The house in Mayfair was truly the only home she had ever known, and she often thought back with nostalgia to those days. Madame Hortense had treated her more like a daughter than a house girl. There was always a pretty bonnet or a new dress on her birthday and at Christmas, and she had had special privileges. Lil would ever be grateful for what she learned about men and money and power from Hortense.
Then one Saturday evening a half dozen young officers from a famous cavalry regiment, celebrating their orders for foreign service, had visited the house in Mayfair.
Amongst them was a young captain, dashing, rich and beautiful; he saw Lil across the salon the moment he entered. Ten days later Lil had sailed with him for India on the Peninsular and Orient mailship, while Madame Hortense wept on the quay and waved until the ship cleared the pool of London and disappeared beyond the first bend of the river. Forty days later Lil found herself abandoned by her protector.
From an upper window of the Mount Nelson Hotel in Cape Town she watched her cavalry captain's ship clear Table Bay for Calcutta, her sorrow at parting alleviated by the luxurious surroundings in which her protector had left her. Lil shrugged off her grief, drank a glass of igs gin, bathed and re-painted her face, then sent for the manager.
"i cannot pay my bill," she told him and, taking his hand " led him unprotestingly into the bedroom of her suite.
"Madame, may I give you some advice?" he asked a little later as he retied his Ascot and shrugged into his waistcoat.
"Good advice is always welcome, sir."
"There is a place called New Rush five hundred miles north of here and there are five thousand diggers there, each with a pocket full of diamonds."
Now Lil entered her canteen. It was still early for a Sunday. It was one of the things she had learned from Madame Hortense, always be there long before you are expected. It keeps clients satisfied and employees honest.

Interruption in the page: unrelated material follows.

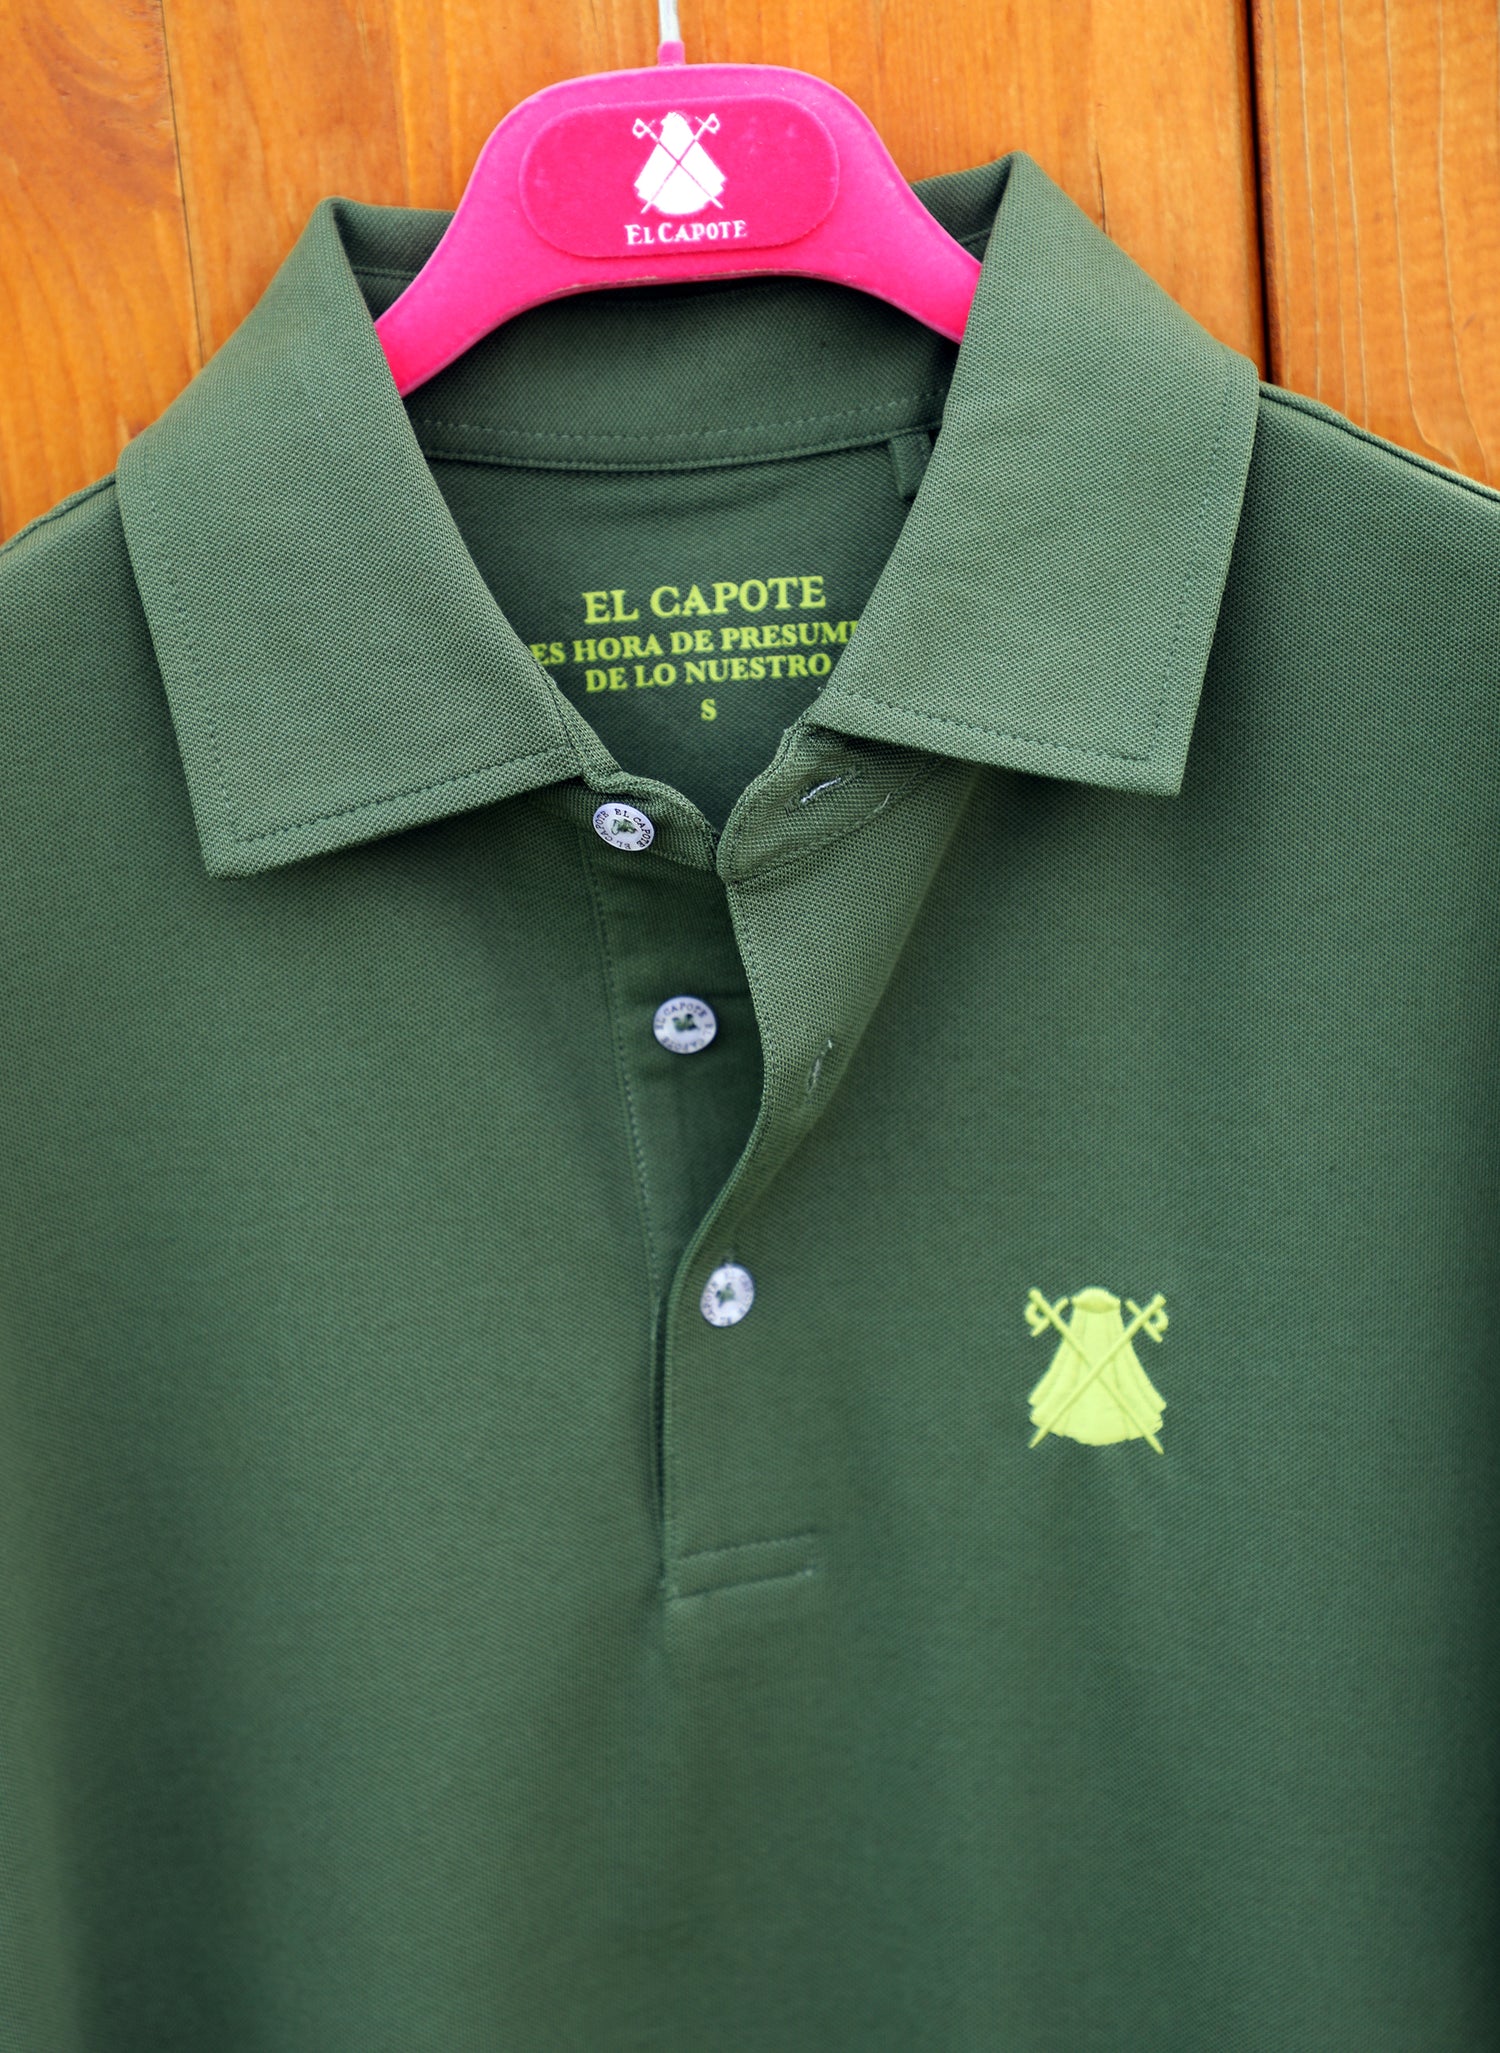 Herren-Poloshirt aus technischem Stoff in schlichtem Grün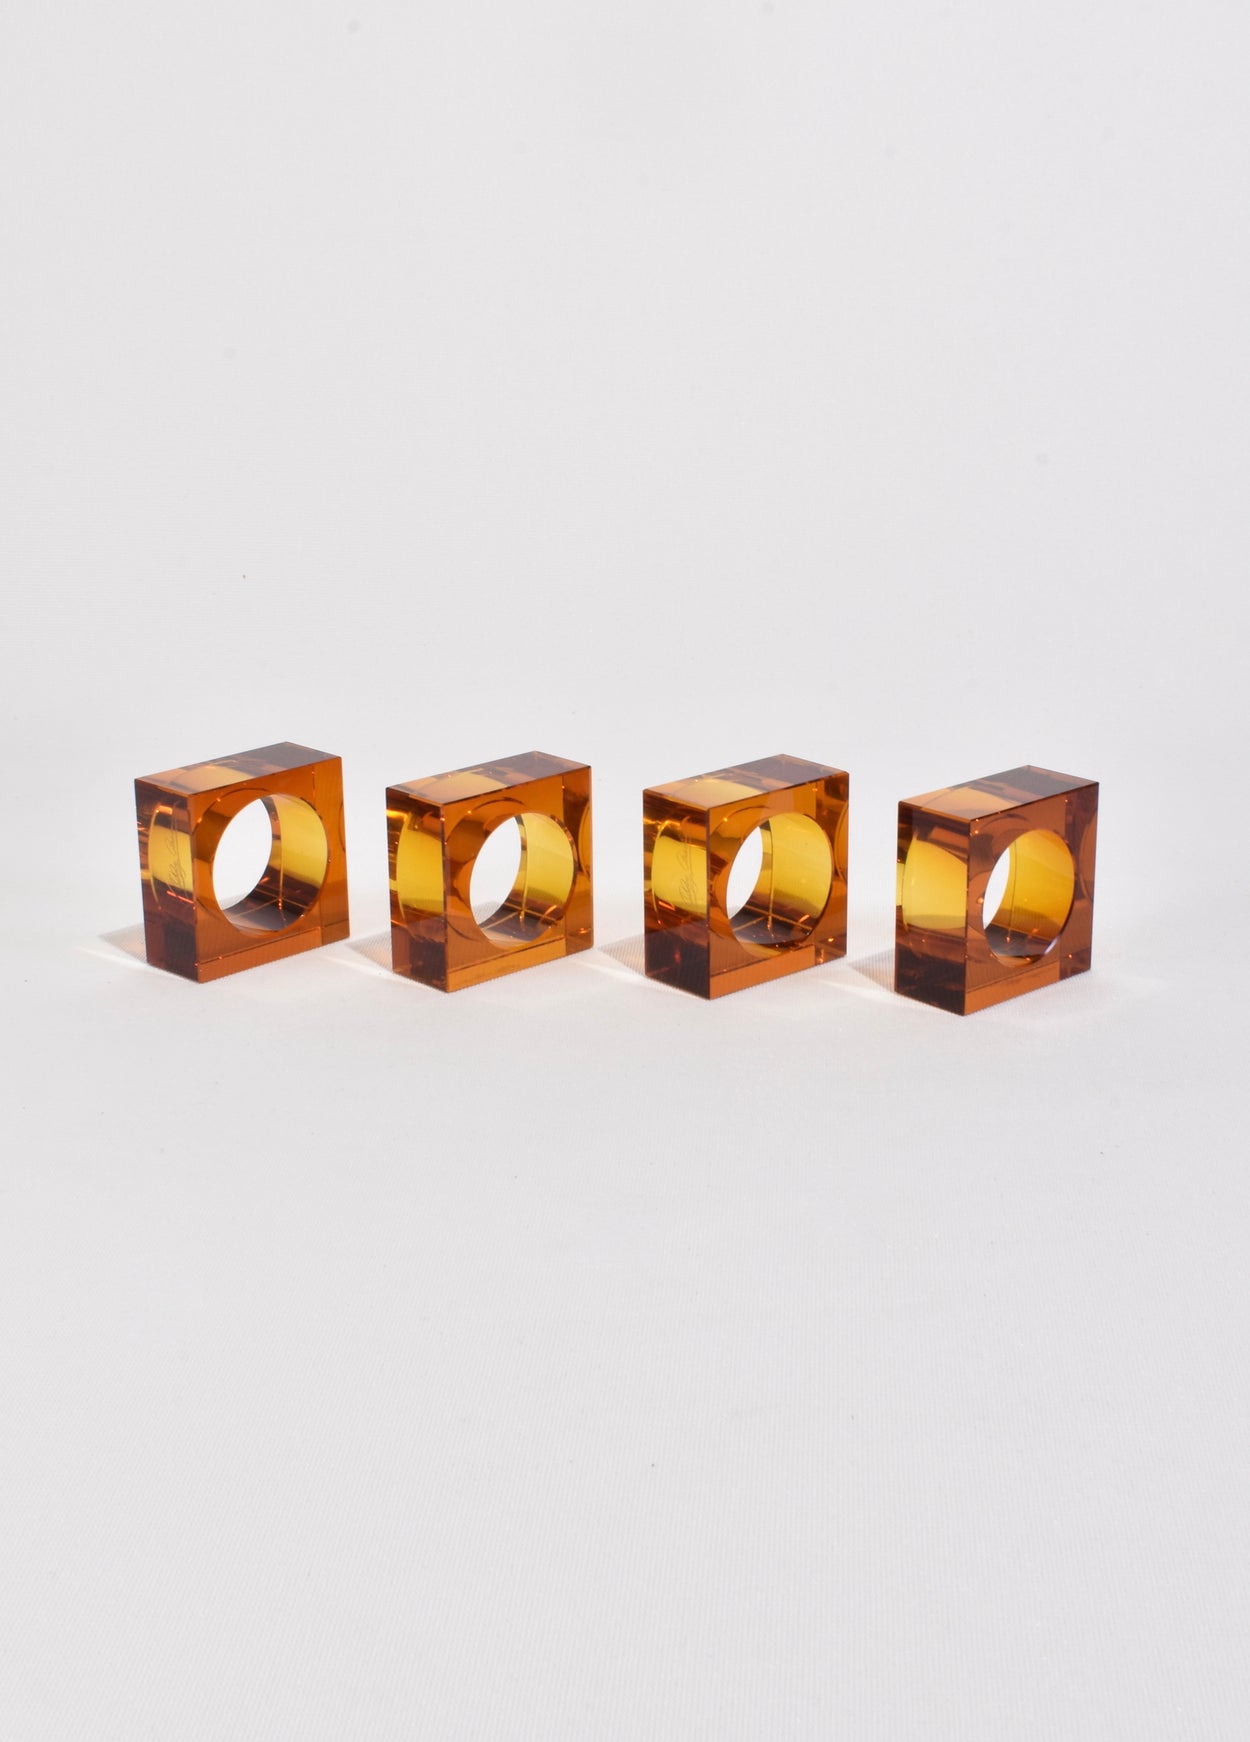 Amber Glass Napkin Rings

Quickly she checked her clientele. It was the usual Sunday afternoon crowd. It would be better soon. She stooped and counted the bottles under the bar counter, examining the wax seals to make certain they had not been tampered with.
"Never be greedy, darling," Hortense had taught her.
"Water the beer, they expect that, but keep good whisky."
She straightened and opened the huge ornate cash register with a chime of bells, making certain that it flagged the correct price, and then touched the line of gold sovereigns in their special slotted drawer. The metal had a marvellous feel under her fingertips, and she picked up a coin as though merely to feel the weight and take pleasure from it. Gold was the only thing in all the world she trusted. Her barman was watching her in the mirror as he swabbed the counter top; she pretended to replace the sovereign in its slot, letting it clink and then palmed it smoothly and closed the drawer of the register. The barman was new. It would be interesting to see if he covered the shortage or reported it, little things like that had made her rich at the age of twenty-three.
She glanced up into the mirror, once again appraising her own face and shoulders in the less flattering sunlight that streamed into the canteen. Her eyes were sharp as a stropped razor, but the skin around them was clear and fresh as rose petals without the first sign of wrinkling.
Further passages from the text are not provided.